If strong scents are a big no-no for you, kindly ask that people refrain from wearing perfume or aftershave and take a moment to explain why. Asking people for accommodations in advance can really help eliminate the stress and make everyone feel much more relaxed on the day.
Going at your own pace, and resting when you need to, are important when trying to avoid a flare. Listen to your body and try to pace yourself with activities. If you need to sit out on an activity or from going to a party or drinks in the evening, remember that this is OK.
You’re doing the best you can.
If you are visiting friends or family for the day, ask if there is a room you can use if you need to take a break and rest. Family or friend gatherings can be so much fun but are often noisy and high energy, especially when children are around.
You don’t need to shimmy down the fire escape, but having an exit plan for if an attack strikes can be reassuring. Many of us living with migraine fear that we will get an attack while away from the safety of our own homes. It is a great idea to have a plan for if this happens.

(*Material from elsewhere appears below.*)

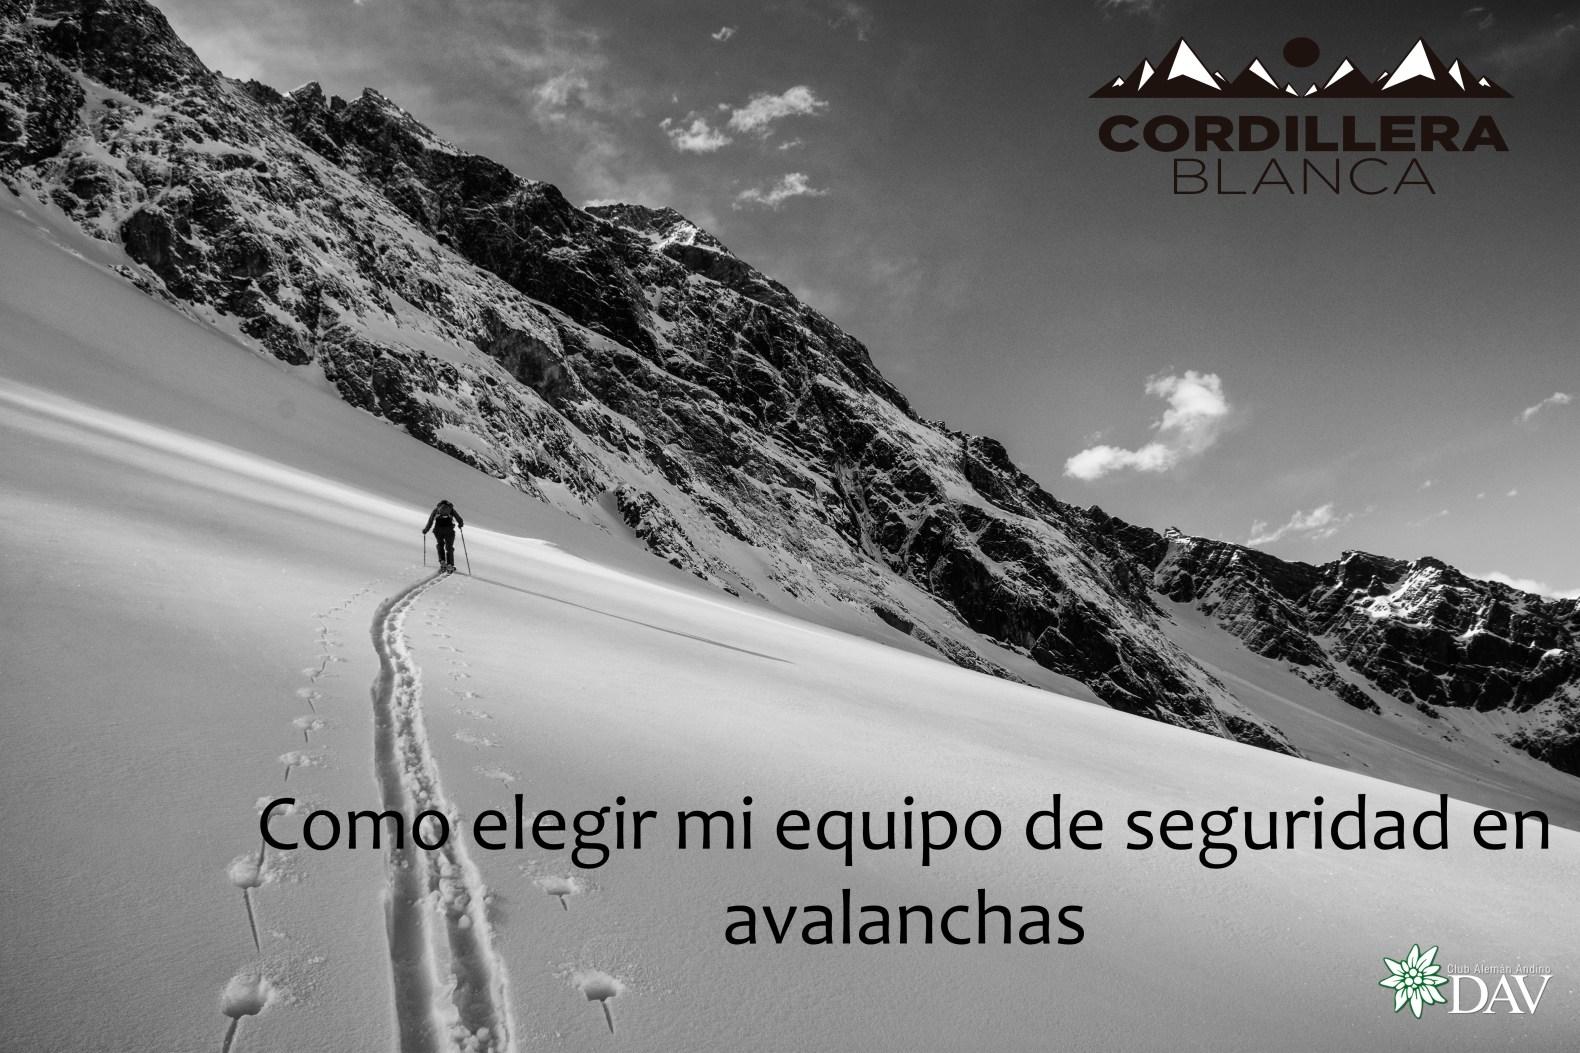 """Taller """"Cómo elegir mi equipo de seguridad en avalanchas"""" por Cordillera Blanca"""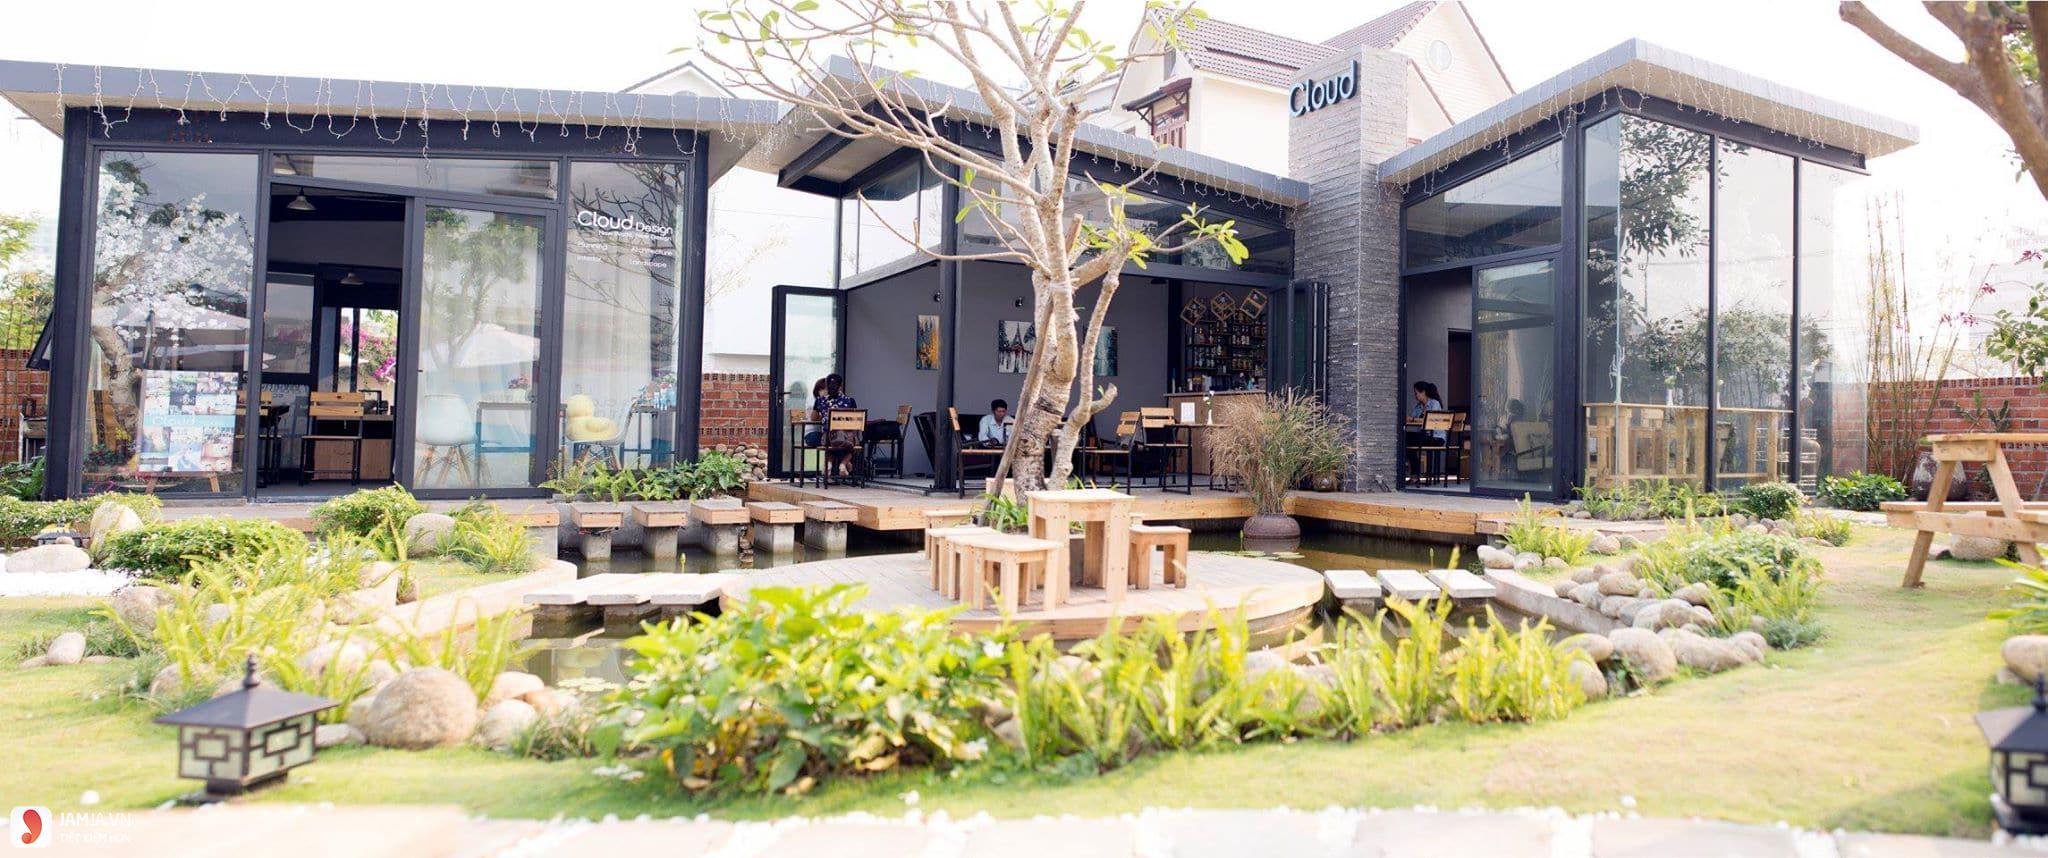 quán cà phê đẹp và rẻ ở đà nẵng Cloud Garden Coffee Shop 1

An exit plan could involve asking someone to drive you home or explaining where your migraine tool kit is and what they can bring you to help.
Asking for help isn’t always easy, but it’s so important to speak up so that you can help others help you manage migraine.
Navigating the bustle and change of pace that can come with the holiday season can be stressful if you live with migraine. These tips can help you manage migraine while making the most of the joyful time of year.
From one person living with migraine to another, I wish you all a joyful, low pain, and symptom-free holiday season.